Mencionemos algunos de estos sainetes, para que se vea que los conocemos de verdad y no nos estamos inventando nada: El santo de la Isidra (1898), El amigo Melquiades (1914) o Los milagros del jornal (1924).

Más calidad y más entreactos tienen sus «tragicomedias grotescas», que son precisamente eso, por lo que no hay necesidad de definirlas más. La idea es que nos riamos de un personaje protagonista cuyas penalidades deberían conmovernos y movernos a compasión si nosotros no fuésemos unos seres insensibles y abyectos. ¿Cómo se las apaña Arniches para lograr tal efecto? Pues poniendo en ridículo constante al personaje que sufre los envites del destino, para que, entre risa y risa, no tengamos tiempo de tenerle compasión.

Es mi hombre (1921) es la obra paradigmática. Un hombre apocado y cobarde, sin trabajo, con más hambre que el perro de un ciego y una hija a la que sacar adelante, acepta un empleo de matón en una sala de fiestas, porque no le queda otra. Paradójicamente, el personaje mequetréfico consigue meterle el miedo en el cuerpo a los delincuentes más desalmados, porque como no tiene nada que perder, echa siempre malo de la pistola a las primeras de cambio. La obra ilustra el dicho de que el hambre hace héroes a la fuerza. El Arniches compasivo con los desgraciados se muestra aquí en todo su esplendor.

Y si el protagonista de Es mi hombre nos produce congoja y lástima, la de La señorita de Trevélez(1916) nos anega en un mar de lágrimas de tanta pena como nos produce. En una capital de provincia de la que no queremos acordarnos, unos señoritos gamberros, malajes y sin nada que hacer deciden reírse a costa de una solterona y le buscan un novio de mentira, para que la seduzca y así pasárselo bien. La crítica social se impone, censurando duramente ese concepto que muchos tienen del humor y que consiste en mofarse de los demás con la peor idea. Es esta la indigna base de los chistes de leperos, de gangosos y de mariquitas. Arniches ataca con fuerza a esas malas personas que denigran a sus semejantes sin pensar en el sufrimiento que provocan.

Una obra olvidada, pero que tiene tela, es Los caciques (1920), donde se critica este fenómeno sociopolítico que conformaba a principios de siglo la realidad de la vida rural española.

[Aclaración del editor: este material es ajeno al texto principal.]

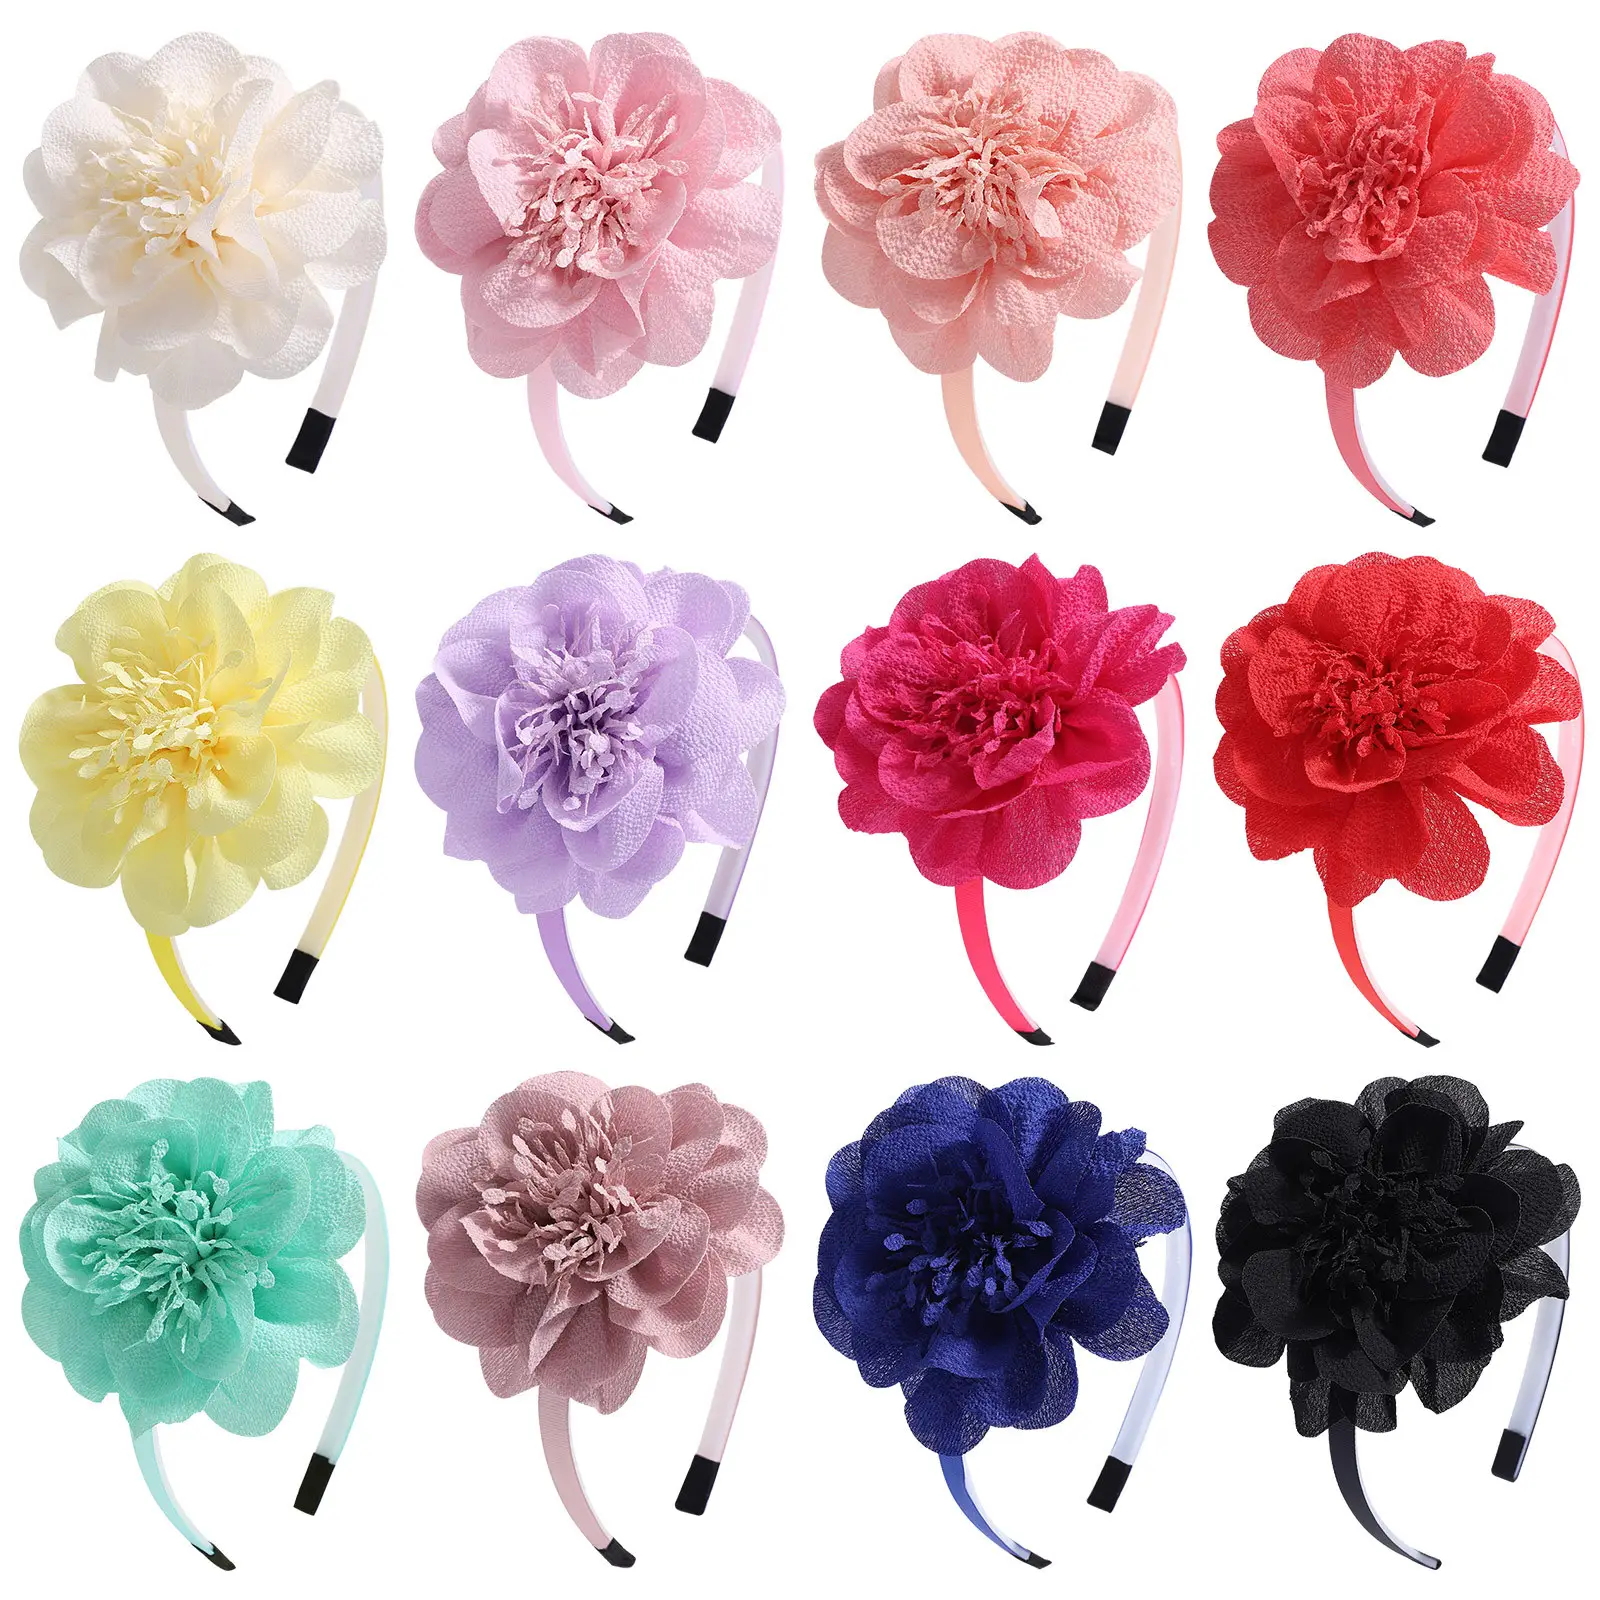 Big Chiffon Flower Crown Headbands Wedding Festival Party Hairbands Tiara Hair Accessories for Baby Girls Toddlers Kids Teens

La comedia es un muestrario de corrupciones y mezquindades políticas. El alcalde tapa con un paño el reloj de pared de su despacho para que cuando le visiten los concejales del partido rival no se aprovechen y vean gratis la hora que es. La obra se ensaña con el conservadurismo, la hipocresía y —para usar una frase que estaba muy de moda entonces— «el marasmo social de España».

El alicantino, en su teatro de denuncia, toca otros muchos temas, como la decadencia de la aristocracia y lo injusto de sus privilegios en La casa de Quirós (1915). Además, aboga por la bondad como objetivo principal de cualquier ser humano digno de ese nombre en El señor Adrián, el primo (1927), una obra regeneracionista donde las haya en la que Arniches defiende a capa y espada el trabajo, la honradez y la tolerancia, consiguiendo el difícil resultado de adoctrinar positivamente al público sin que este se enfade y casi sin que se dé cuenta de que le están sermoneando.

Carlos Arniches era muy feo, pero este dato no añade mucho realmente a este breve análisis de su teatro.